A group photo of Planck co-founders (from left to right): David Schapiro, CEO Elad Tsur and CTO Amir Cohen

Planck co-founders (from left to right): David Schapiro, CEO Elad Tsur and CTO Amir Cohen. Image Credits: Planck

Planck, the AI-based data platform for commercial insurance underwriting, announced today it has raised a $20 million growth round. The funding came from 3L Capital and Greenfield Partners, along with returning investors Team8, Viola Fintech, Arbor Ventures and Eight Roads.

This brings the New York-based startup’s total raised to $48 million, including a $16 million Series B it announced in June 2020. Planck said it currently works with “dozens of commercial insurance companies in the U.S.,” including more than half of the top-30 insurers. It will use its new funding to build its U.S. team, expand into global markets and add products for new business segments. Ernie Feirer has also joined Planck as its head of U.S. business. He previously held leadership roles at LexisNexis Risk Solutions, building data analytics solutions for property and casualty insurance carriers.

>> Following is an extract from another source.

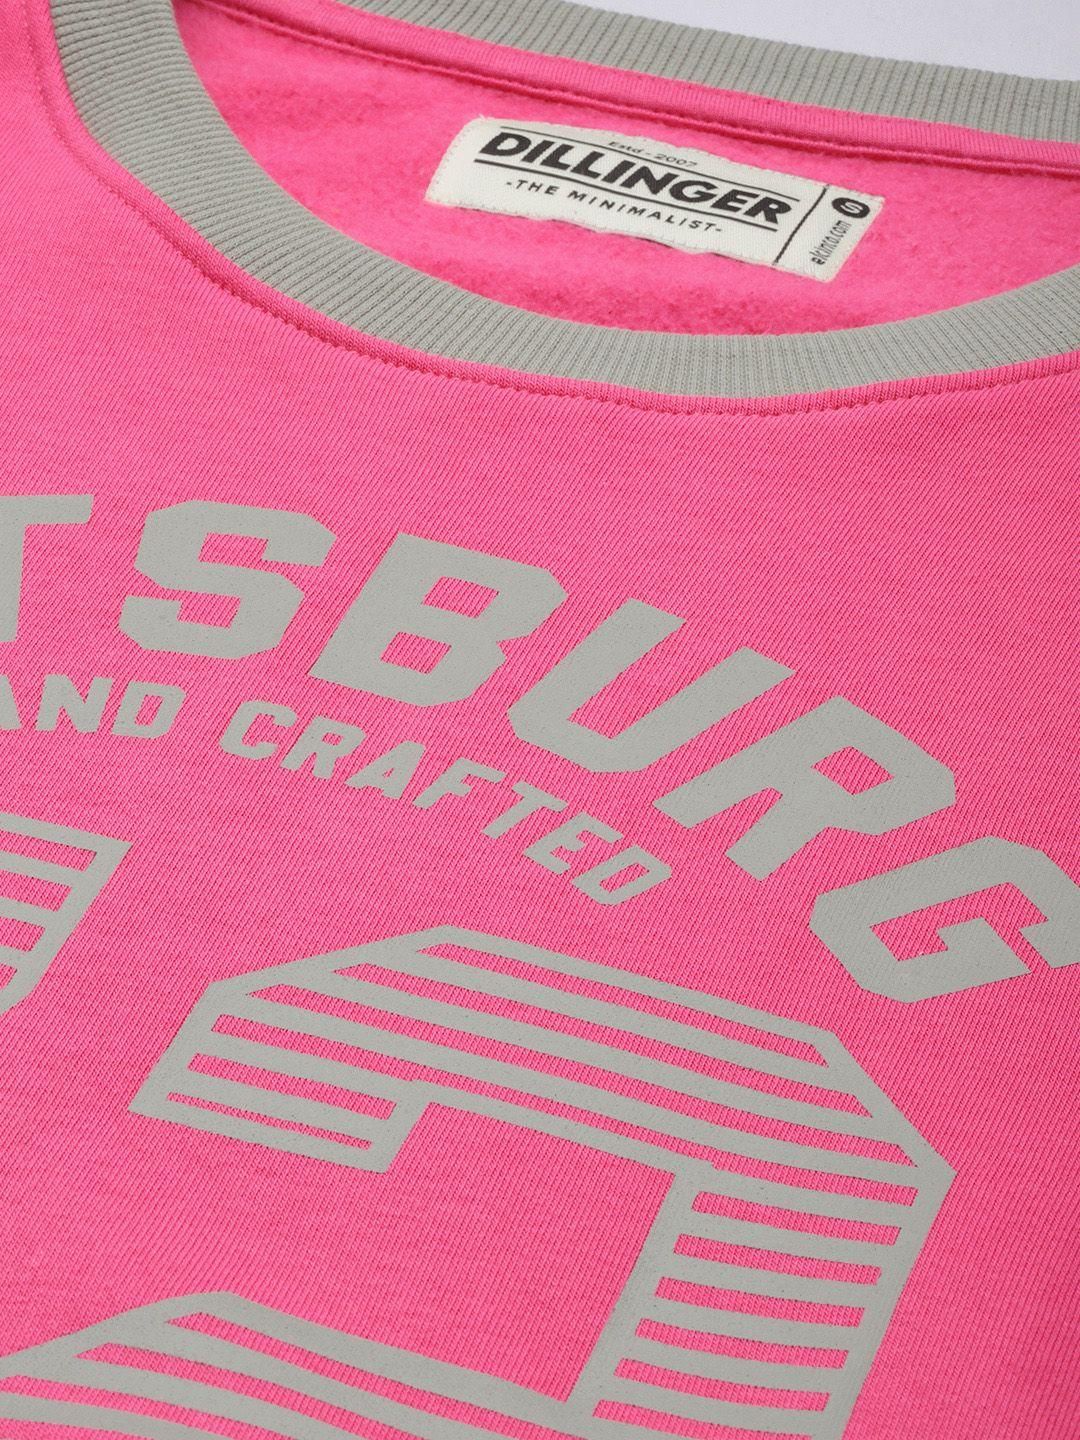 Dillinger Women's Pink Typographic Oversized Sweatshirt
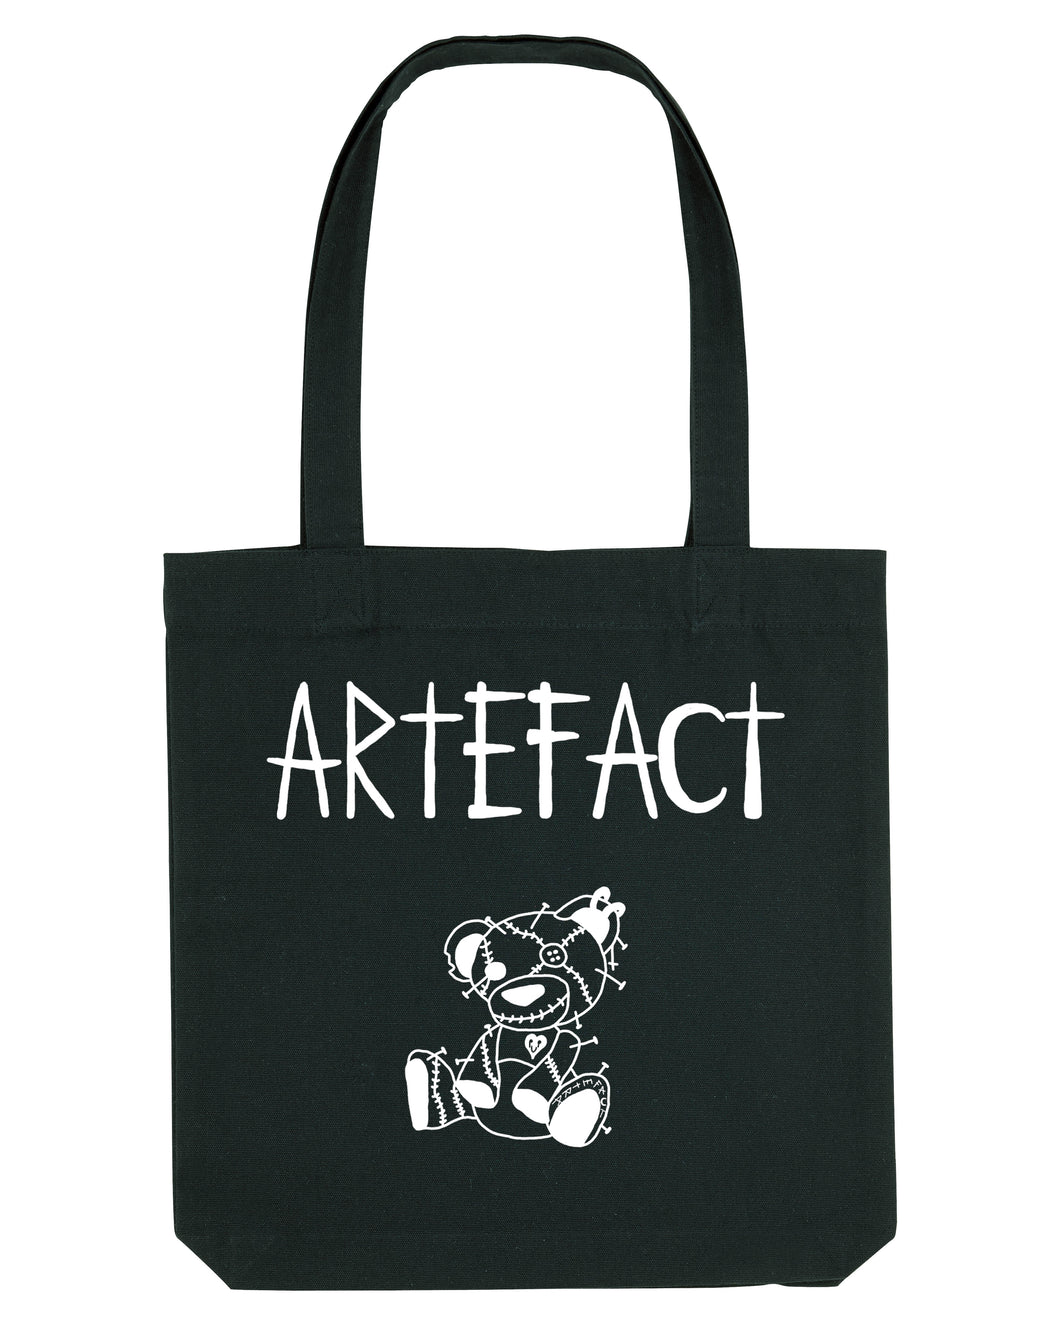 Tote bag artefact co réalisé et designé en France de manière artisanale, imprimé en sérigraphie. Scoot culture

Planck’s database, which includes online images, text, videos, reviews and public records, allows it to give insurance providers real-time information that helps them determine premiums, process claims and give SMEs faster quotes. It covers more than 50 business segments, including restaurants, construction, retail and manufacturing, and can deliver analytics by simply entering a business’ name and address.

For example, if a healthcare business is seeking to buy or renew an insurance policy, Planck can give underwriters information such as the type of equipment used, what kind of drugs it prescribes and the type of surgeries it performs.

In a statement, 3L Capital principal Paige Thacher said, “Commercial carriers and brokers can no longer afford to rely upon traditional data sources as they prospect, assess risk and monitor a small business insured’s changing exposure during the policy life cycle. The new imperative is to leverage AI and machine learning technologies to dynamically harvest business insights from the insured’s digital footprint.”